**Assignment:**
For the records below, please print exactly and only the lines from the one with "social-page-design-custom-header-content-profile" down to the one with "El comunicado del FMI", both ends included, omitting the pictures.

== Provided data

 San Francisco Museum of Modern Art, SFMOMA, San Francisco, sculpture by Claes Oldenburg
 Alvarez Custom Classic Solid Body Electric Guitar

====
== Provided data

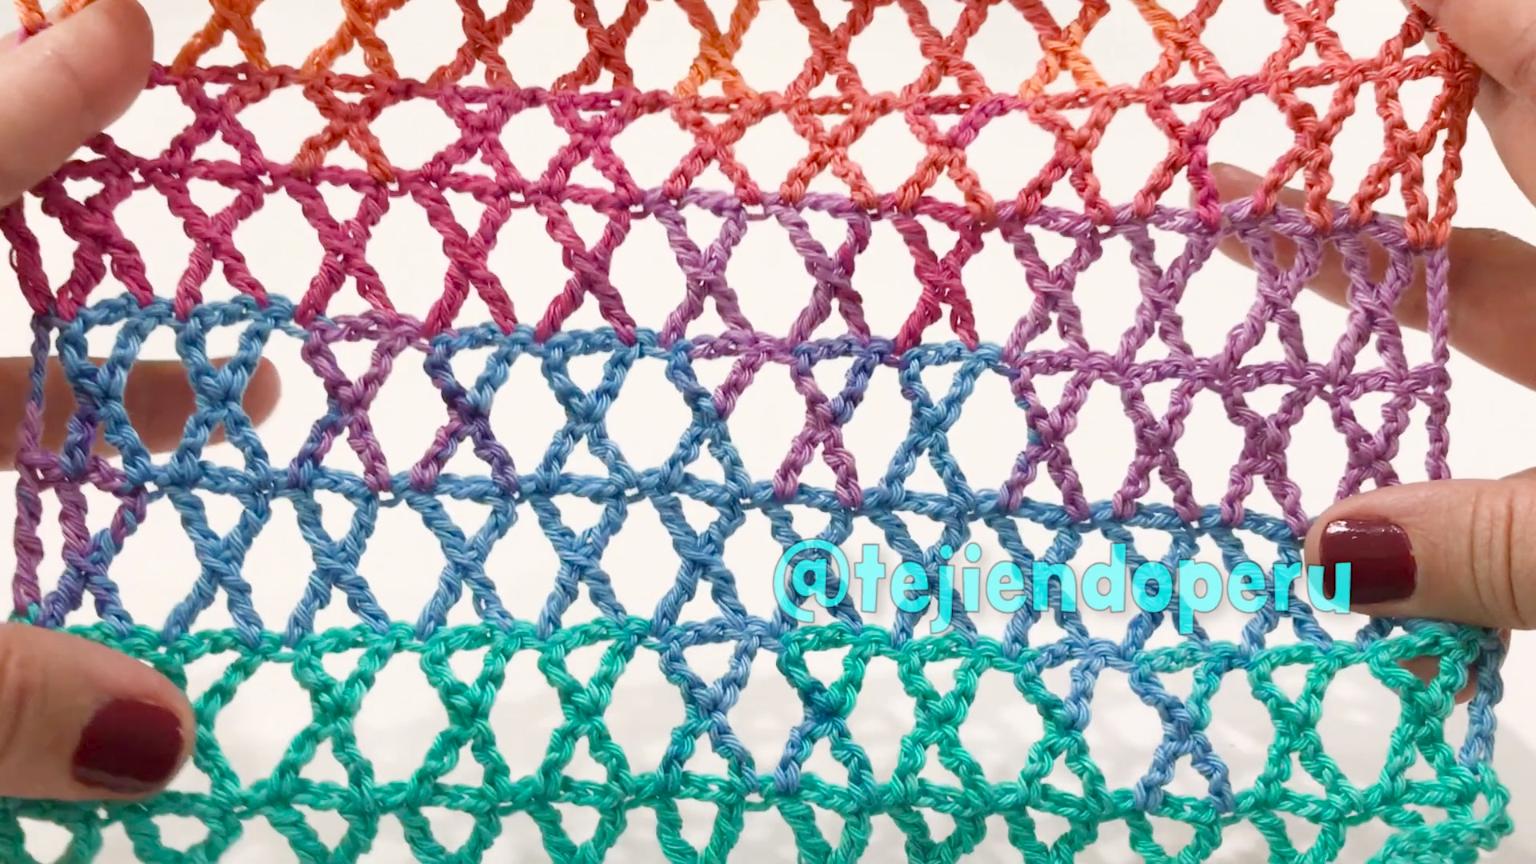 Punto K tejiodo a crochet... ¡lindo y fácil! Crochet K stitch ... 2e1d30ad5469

====
== Provided data

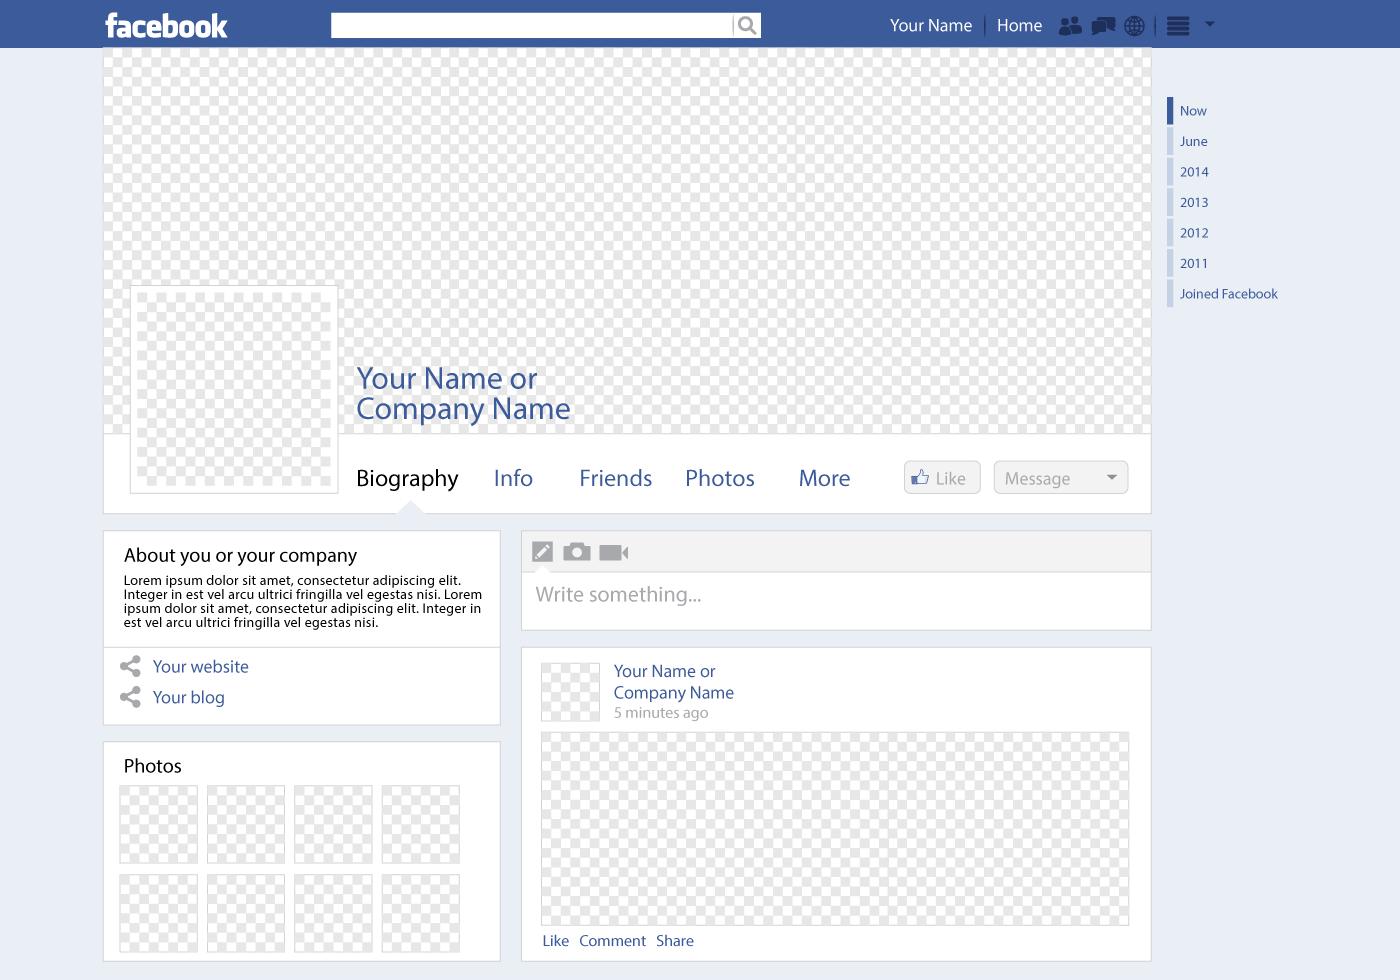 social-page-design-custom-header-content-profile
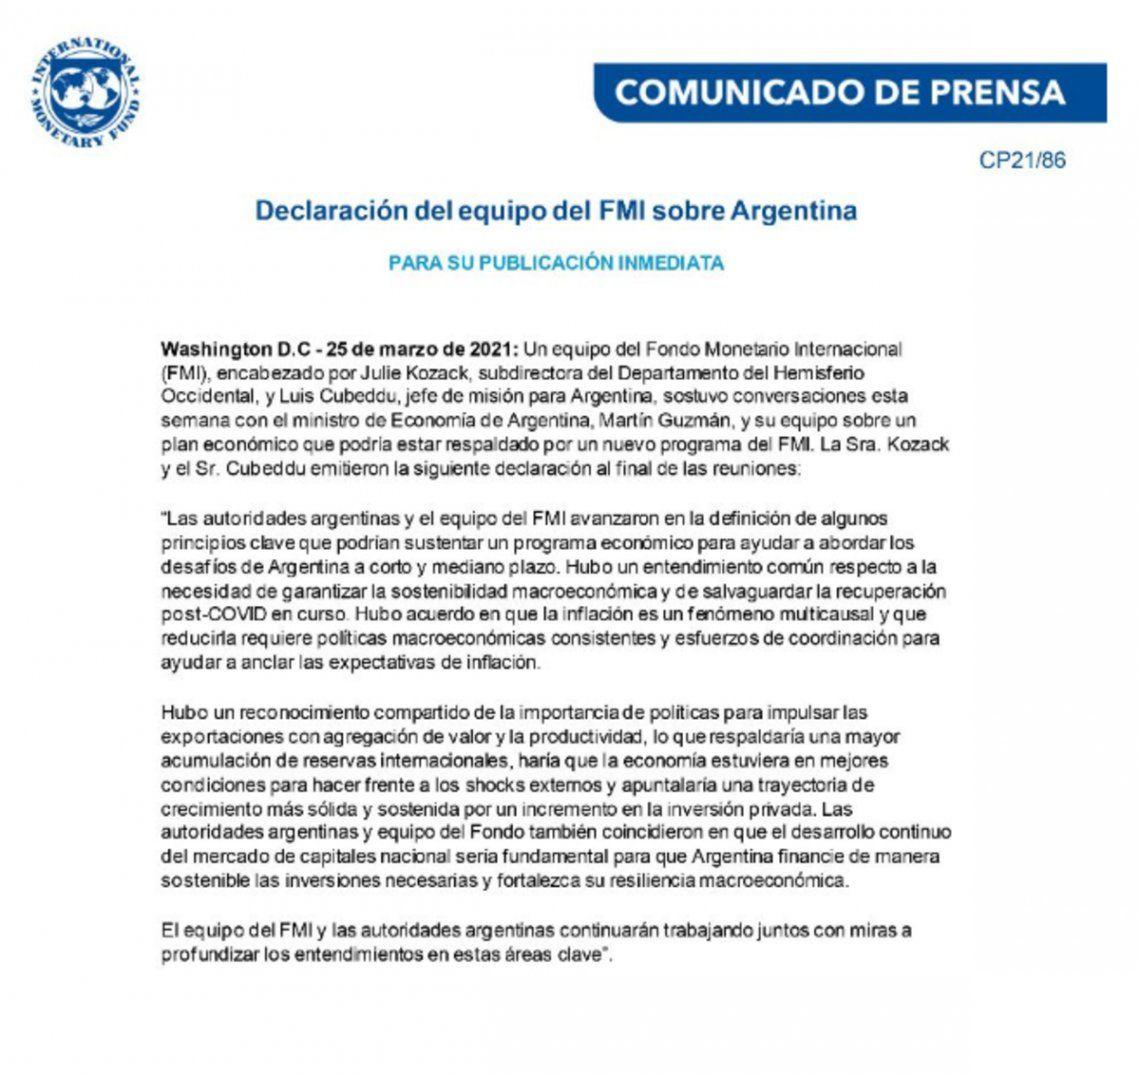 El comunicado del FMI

====

**Written response:**
 social-page-design-custom-header-content-profile
 El comunicado del FMI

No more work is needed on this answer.